Step 7 — Prometheus scrapes the new pod

Monitoring (Victoria-Metrics + Grafana via the talos-cluster monitoring overlay) auto-discovers the new pod via the existing ServiceMonitor + PodMonitor resources. No re-scrape configuration; the scrape config is generated by the operator from CRDs that were already in place.

A bad upgrade shows up here first — error rate, p99 latency, restart loop counter — before the user notices.

Step 8 — External health checks

Gatus pings the public URL of every app on a 30-second interval. After a deploy, two checks pass before Gatus stops alerting:

  1. The app's /-/healthy (or equivalent) endpoint returns 200.
  2. The TLS certificate served by Envoy Gateway is valid and chains correctly.

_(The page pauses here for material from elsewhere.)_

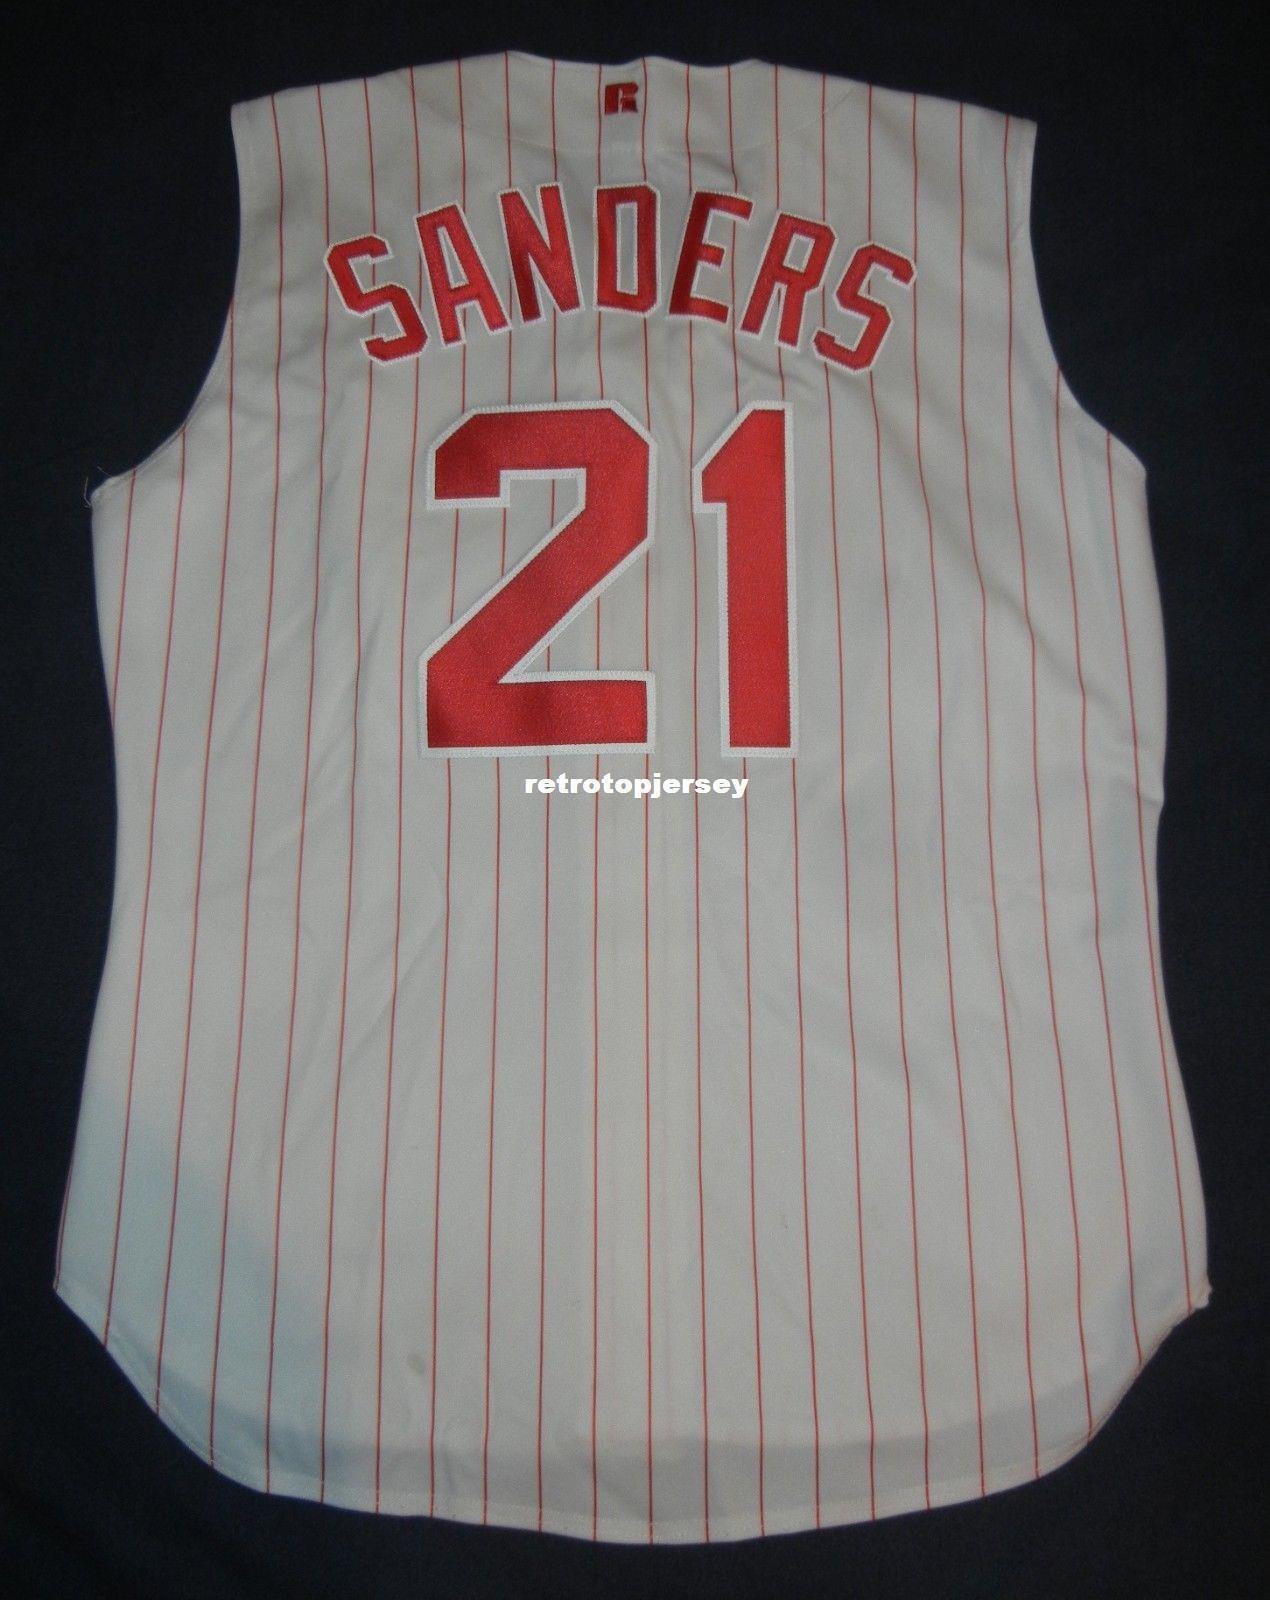 cheap deion sanders jersey

If either fails for two consecutive intervals, an alert fires via ntfy.

Step 9 — Backups don't change

k8up snapshots PVCs to Restic on its own Schedule — independent of the GitOps loop. A bad deploy doesn't compromise yesterday's snapshot; a successful deploy doesn't trigger a new one.

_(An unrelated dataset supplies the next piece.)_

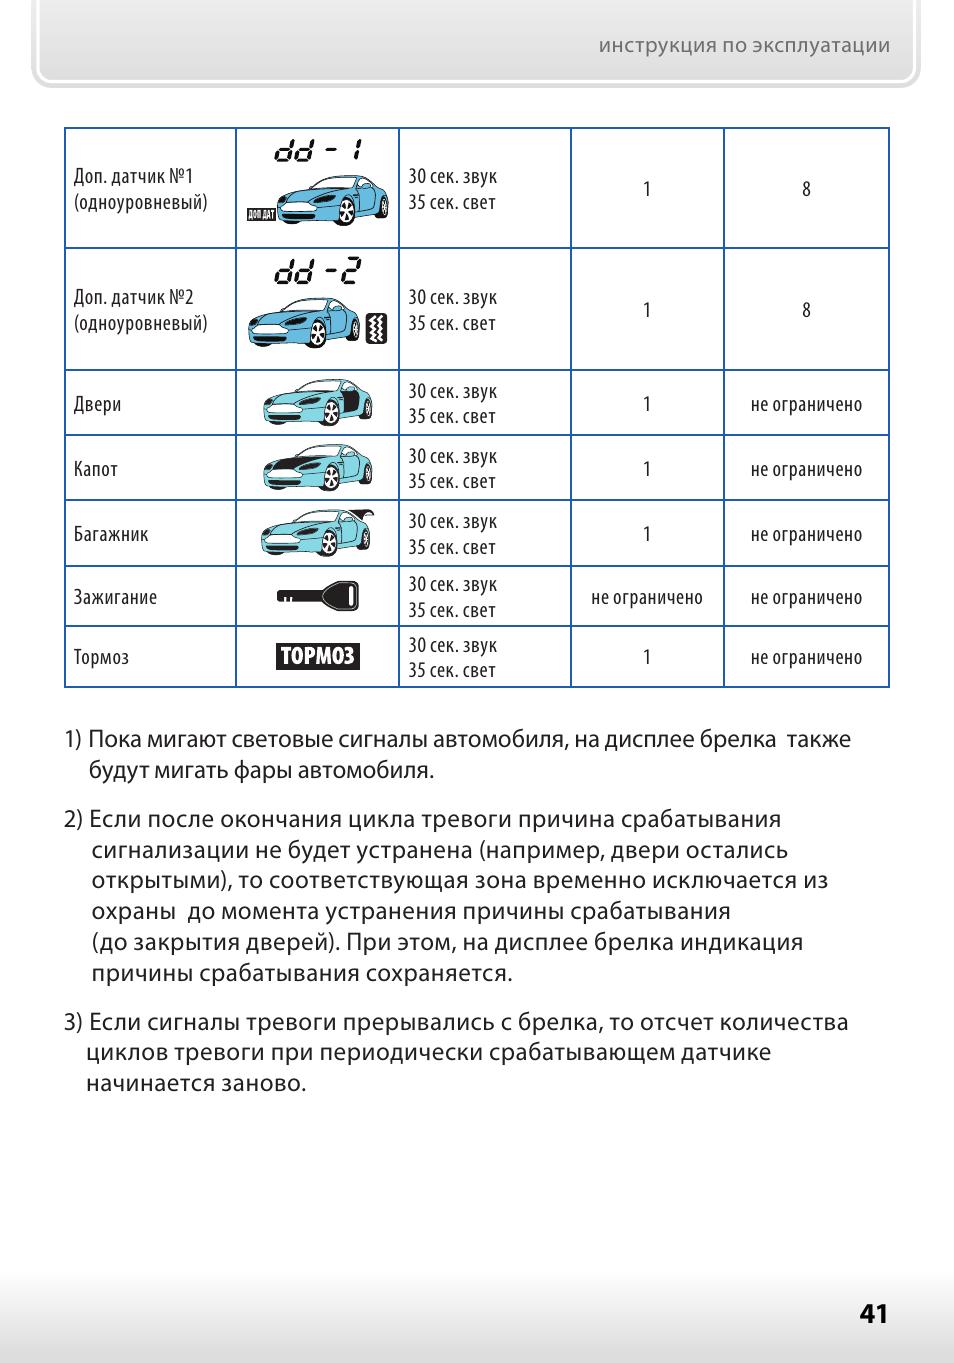 инструкция по эксплуатации starline a39-cn

That separation is intentional: it would be very tempting to "snapshot before deploy" but it ties two unrelated reliability systems together. If the deploy is broken in a way that corrupts data on first write, you want to roll back with the previous scheduled snapshot, not a snapshot taken at the moment of breakage.

What can break, and where to look

SymptomMost likely causeWhere to look first
Renovate stops opening PRsgitea-runner is down or rate-limitedapps/gitea-runner logs; gitea API status
PR fails CI on every projectkustomize-build error in a shared componentlast commit to components/
flux get all -A shows False on kustomizationSOPS decrypt failed (key rotated?), or a manifest references a missing CRDflux logs --kind=Kustomization
flux get all -A shows False on gitrepositorySSH deploy key revoked, or Gitea downthe deploy key on the Flux page
Pods stuck PendingPVC pending — Longhorn replica scheduling issueplatform/longhorn
TLS handshake fails after deploycert-manager issued a fresh cert that hasn't propagatedplatform/cert-manager
5xx after deploy, healthy in clusterEdge → production routing wedgetopics/envoy-gateway-proxy-protocol-v2, then fabric/netbird
Backups stalek8up Schedule paused or repository password rotatedoperations/

Why this is a topic, not a runbook

A runbook tells you what to do when X breaks. This page tells you what normally happens, end-to-end, so when something breaks the diagnosis is "where in this loop did it stop?". Operations-side runbooks for the individual failure modes live in operations/.